Anche il fallimento della lotta al bullismo Zappella lo imputa alla sostituzione delle assemblee con i rappresentanti: «Cosa fanno gli insegnanti in queste situazioni? Situazioni in cui magari i rappresentanti dei genitori sono proprio i genitori del bullo, genitori pronti a minacciare la denuncia al Tar? Molti insegnanti stanno sulle loro, non esiste una direttiva chiara in questo senso».
Il «punto chiave», per ognuno di questi aspetti, è che per i genitori è difficile accettare la difficoltà dei figli. Diventa la loro frustrazione e non riescono a sopportarla:
«Il collegamento importante è quello sui valori della società dei consumi, quali valori? Se devi entrarci, devi avere due qualità: saperti relazionare bene e leggere e scrivere e fare di conto. Se poi sei troppo irrequieto non va bene, perché sei impulsivo, e nemmeno se sei troppo silenzioso. Da parte dei genitori il problema quale è? Il genitore pensa che il suo obiettivo sia innanzitutto avere il minor numero di problemi e dunque moltiplicare gli interventi attorno al proprio figlio è garanzia di questo. Questa impossibilità di tollerare le difficoltà ha note molto drammatiche, la diagnosi di autismo, per esempio, ha ricadute sulla famiglia devastanti e 50 anni fa non era così. Quattro madri su cinque vanno in depressione e dopo un anno e mezzo la depressione si riscontra ancora: si tratta di depressioni pesanti, che spesso portano anche la famiglia a non reggere».
Ma resta il fatto che molte diagnosi sono sbagliate perché non si interviene nel modo giusto nel momento decisivo:
«Generalmente il problema si pone intorno ai due anni, i bambini a due anni che rapporto hanno con un adulto? Un bambino di due o tre anni, che non parla granché, ha un altro tipo di comunicazione, una comunicazione nella quale vuole essere rassicurato e divertito. Ogni bambino ha la sua, ci sono bambini più visivi, bambini più musicali. Io spesso borbotto motivetti musicali.

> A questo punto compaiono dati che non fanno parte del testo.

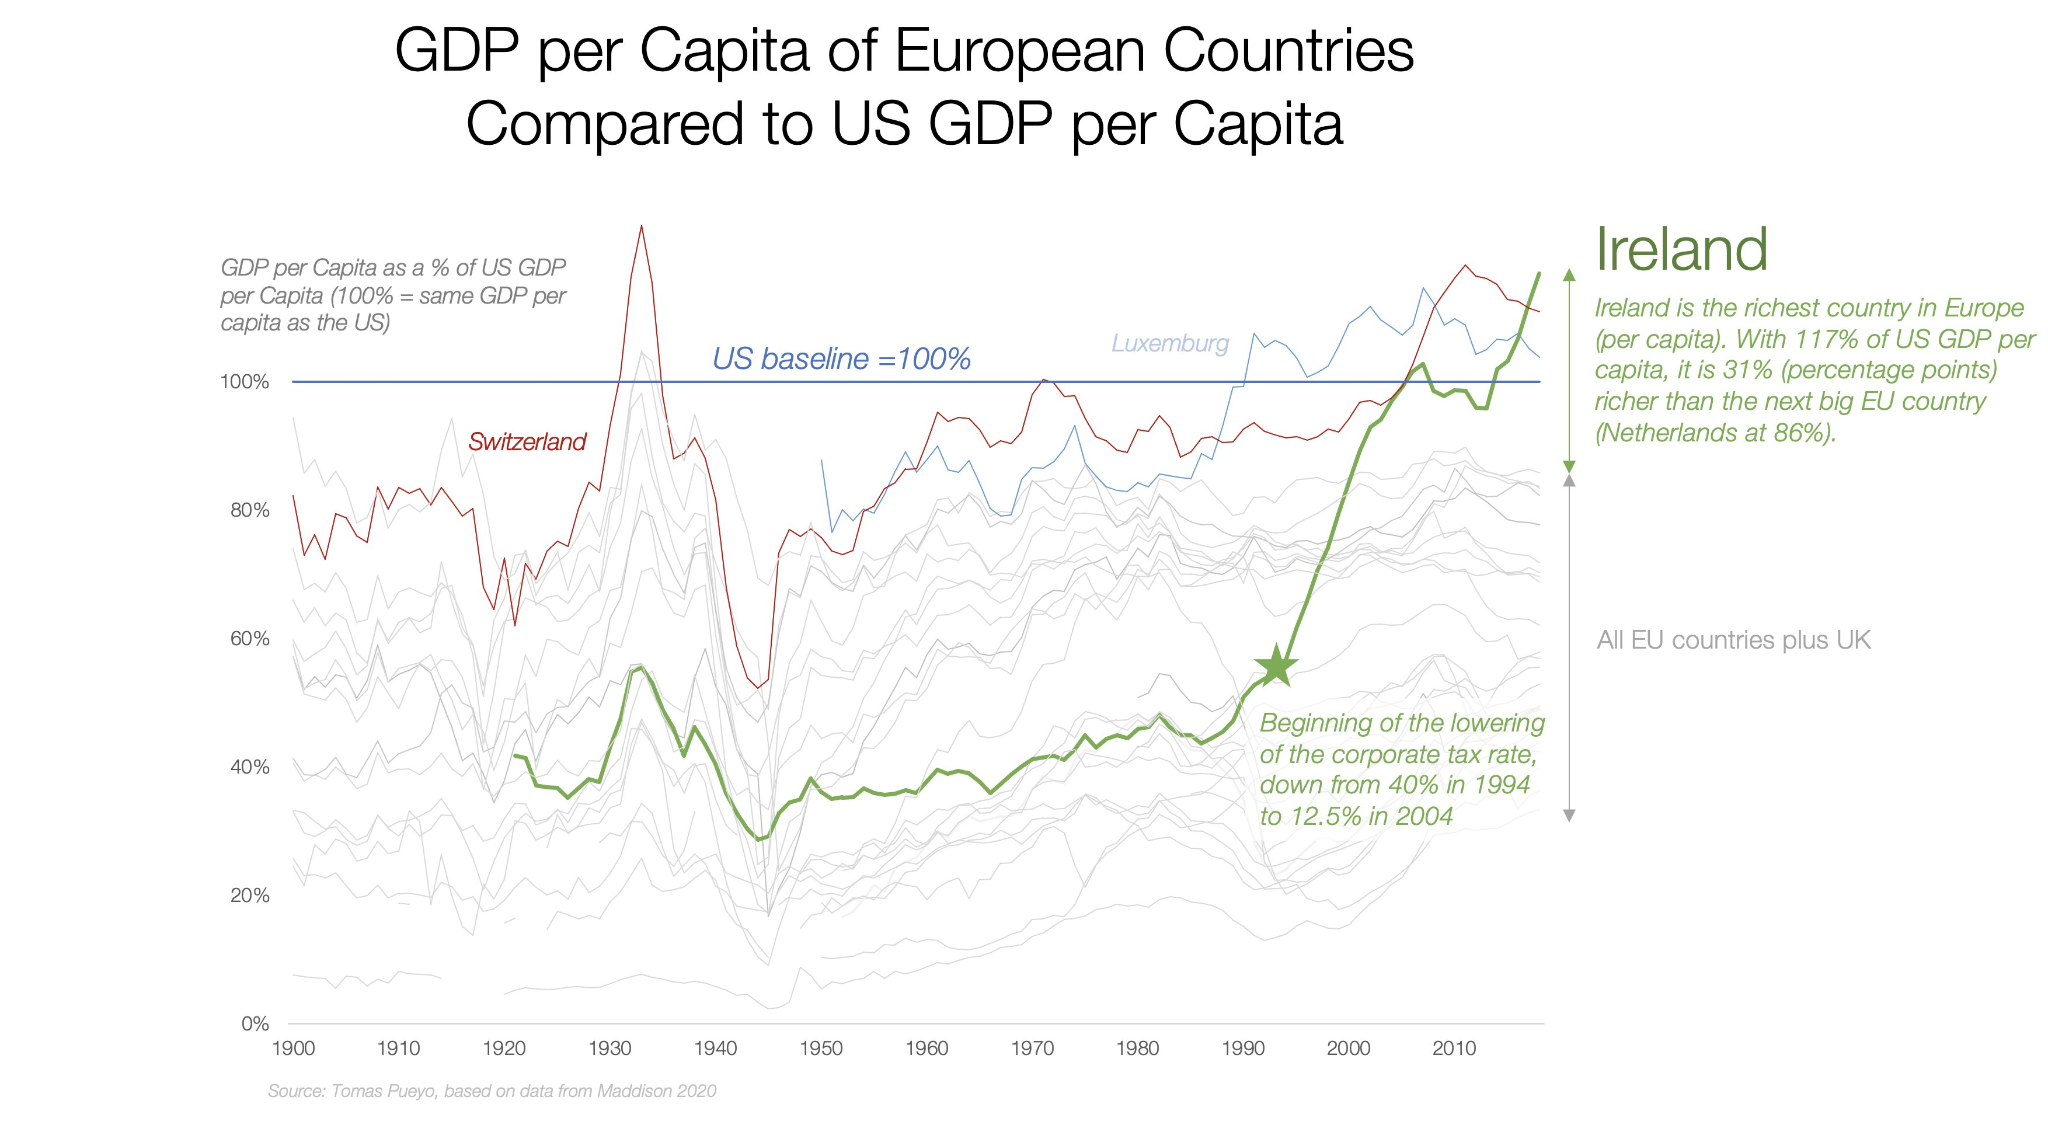 EU vs US GDP per capita, journal of wild culture ©2021

Questo passaggio è necessario per creare un’alleanza e l’alleanza è essenziale per capire chi è il bambino che mi trovo davanti. Un altro elemento fondamentale è accogliere i bambini con il loro nome e in un ambiente pieno di giocattoli, distribuiti con sapienza, giocattoli che devono essere presentati a lui come fossero lì per lui. È essenziale che il bambino si senta protetto, in un ambiente sicuro, solo in questa situazione possiamo capire chi sia davvero. I bambini visitati nella corsia di ospedale sono allarmati, mica sono scemi! Sentono l’allarme dei genitori e dunque se ne stanno sul chi va là». E allora, meglio «dimenticare la diagnosi e parlare con i pazienti. Le bambine con Sindrome di Rett, per esempio, sono bambine che non parlano e non parleranno mai, quale è il senso di descrivere ai compagni le caratteristiche e le conseguenze della malattia? Si tratta di bambine che molto spesso si incantano con Mozart, comunicano con la musica. È essenziale vedere questo, vedere il rapporto con l’altro in questa direzione. Le diagnosi cancellano gli aspetti positivi».

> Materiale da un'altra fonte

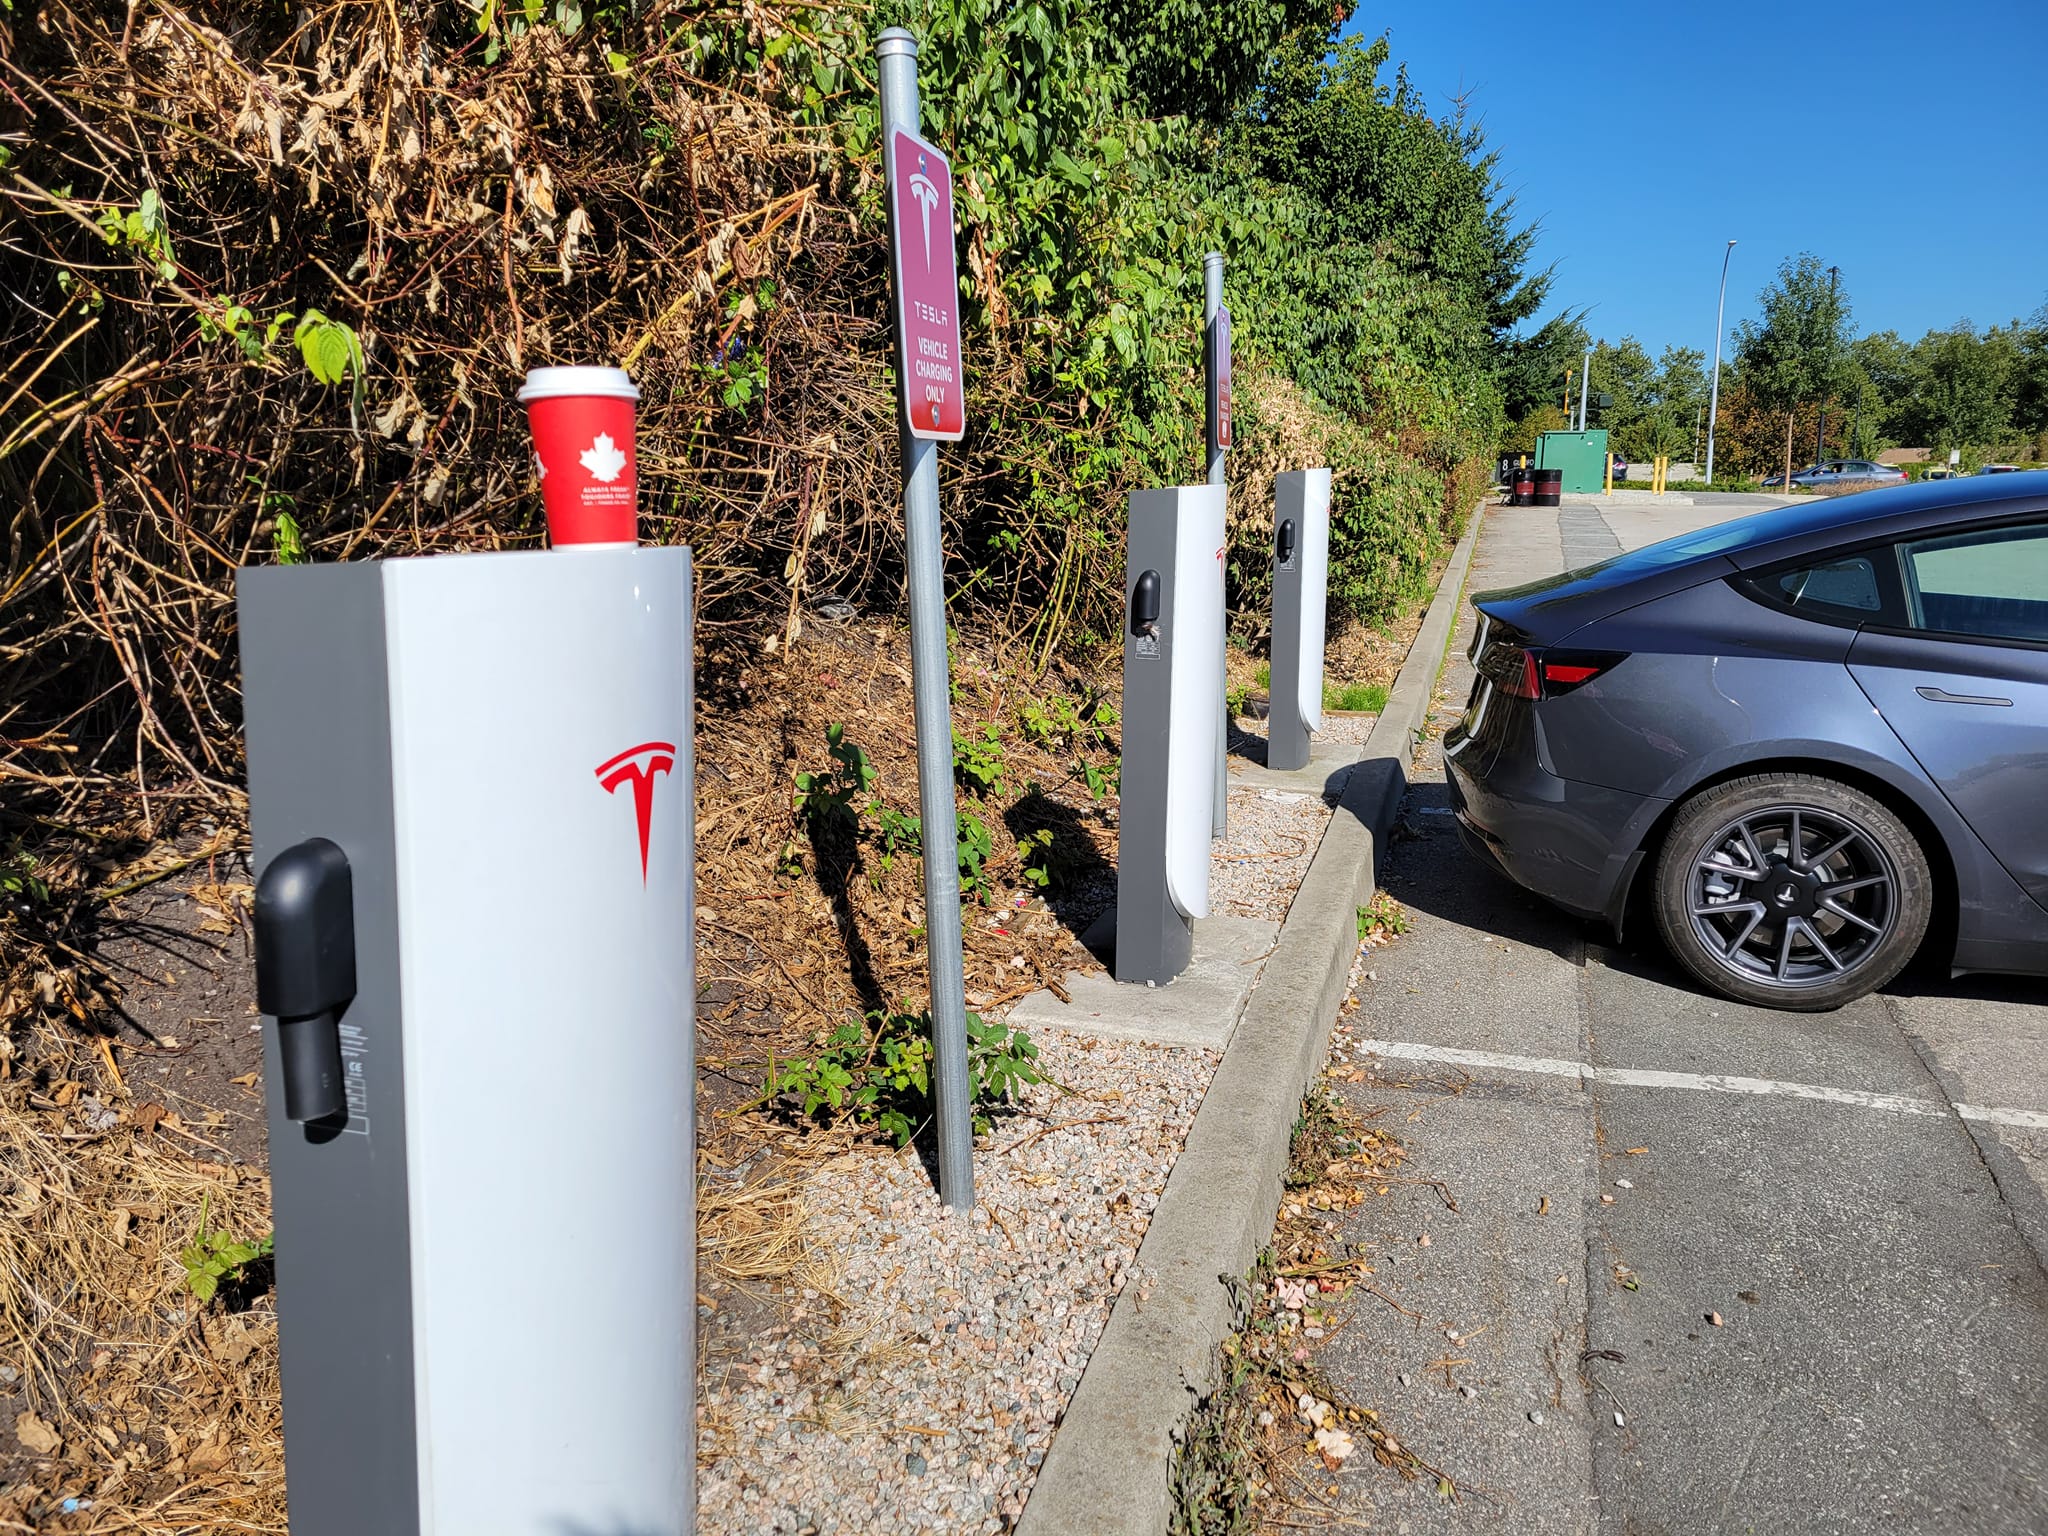 Tesla Supercharger-kabels doorgesneden in Surrey [Update]

Alla fine , c’è il senso di una missione che i grandi medici trasmettono in un unico modo, l’esempio instancabile e divertito:
«Quando vedo questi bambini di due o tre anni e faccio il pagliaccio io vedo un candore che trasmette un’energia che dura giorni e giorni, e insomma il problema è di mettersi dalla loro parte. Non è tanto facile, ma è possibile. Mi dispiace che il nostro Paese culturalmente sia un po’ tagliato fuori dall’Europa, non c’è comunicazione tra i discorsi educativi, non circolano. Ma io voglio pensare in modo positivo, bisogna battersi, no?».